Bug 2106736

Summary: Detach code in vsphere csi driver is failing
Product: OpenShift Container Platform Reporter: Hemant Kumar <hekumar>
Component: StorageAssignee: Jan Safranek <jsafrane>
Storage sub component: Operators QA Contact: Wei Duan <wduan>
Status: CLOSED DEFERRED Docs Contact:
Severity: medium    
Priority: medium CC: jsafrane
Version: 4.10Keywords: Rebase
Target Milestone: ---   
Target Release: 4.13.0   
Hardware: Unspecified   
OS: Unspecified   
Whiteboard:
Fixed In Version: Doc Type: If docs needed, set a value
Doc Text:
Story Points: ---
Clone Of: Environment:
Last Closed: 2023-03-09 01:24:29 UTC Type: ---
Regression: --- Mount Type: ---
Documentation: --- CRM:
Verified Versions: Category: ---
oVirt Team: --- RHEL 7.3 requirements from Atomic Host:
Cloudforms Team: --- Target Upstream Version:
Embargoed:

Comment 1 Hemant Kumar 2022-07-13 12:09:44 UTC
I wonder if detach calls in drivers are idempotent. Looking at failure - it looks like genuine errors:

./e2e-vsphere-csi/gather-extra/artifacts/pods/openshift-kube-controller-manager_kube-controller-manager-ci-op-dkpbsvnr-4d32a-nm678-master-0_kube-controller-manager.log:E0712 20:20:34.091621       1 nestedpendingoperations.go:335] Operation for "{volumeName:kubernetes.io/csi/csi.vsphere.vmware.com^06e1f6b8-cbe9-4229-8c93-f1a827eb36f3 podName: nodeName:}" failed.

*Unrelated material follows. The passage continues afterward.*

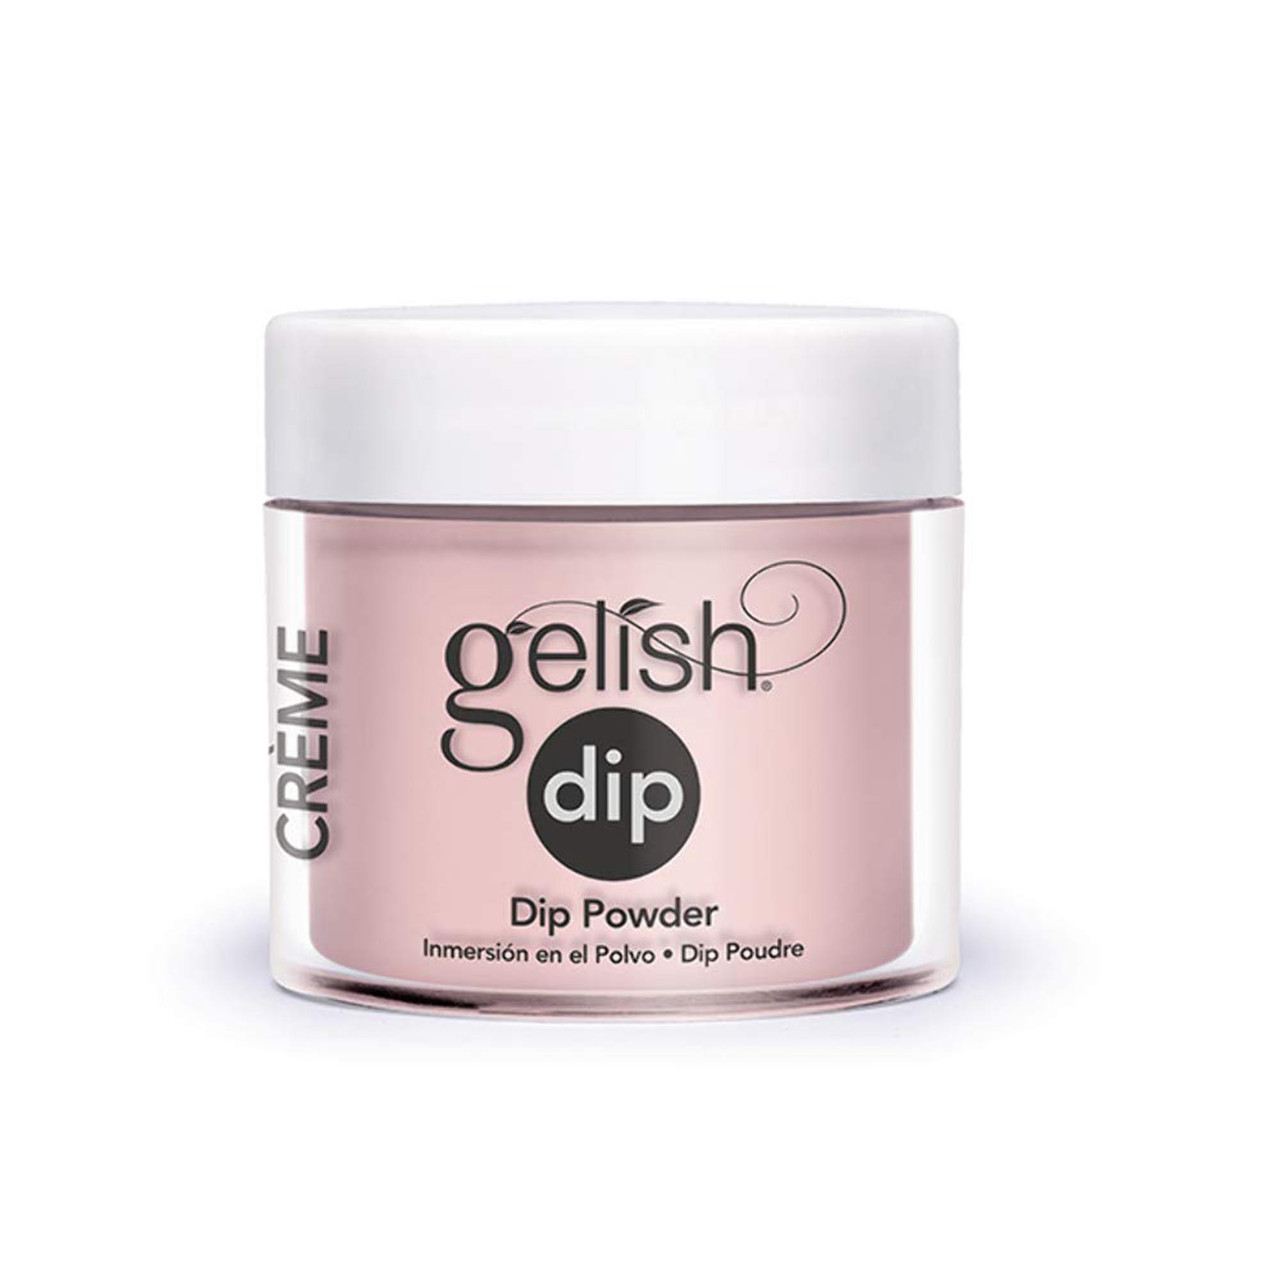 Gelish Dip Powder - 1610006 - Simply Irresistible

No retries permitted until 2022-07-12 20:22:36.091601709 +0000 UTC m=+2029.047486195 (durationBeforeRetry 2m2s). Error: DetachVolume.Detach failed for volume "pvc-b13f4fb2-36ba-49db-ac2f-bbe69414b47f" (UniqueName: "kubernetes.io/csi/csi.vsphere.vmware.com^06e1f6b8-cbe9-4229-8c93-f1a827eb36f3") on node "ci-op-dkpbsvnr-4d32a-nm678-worker-sq4hq" : rpc error: code = Internal desc = volumeID "06e1f6b8-cbe9-4229-8c93-f1a827eb36f3" not found in QueryVolume


So basically detach is failing because of above error and then delete is not even being attempted because k8s thinks that volume is still attached to the node.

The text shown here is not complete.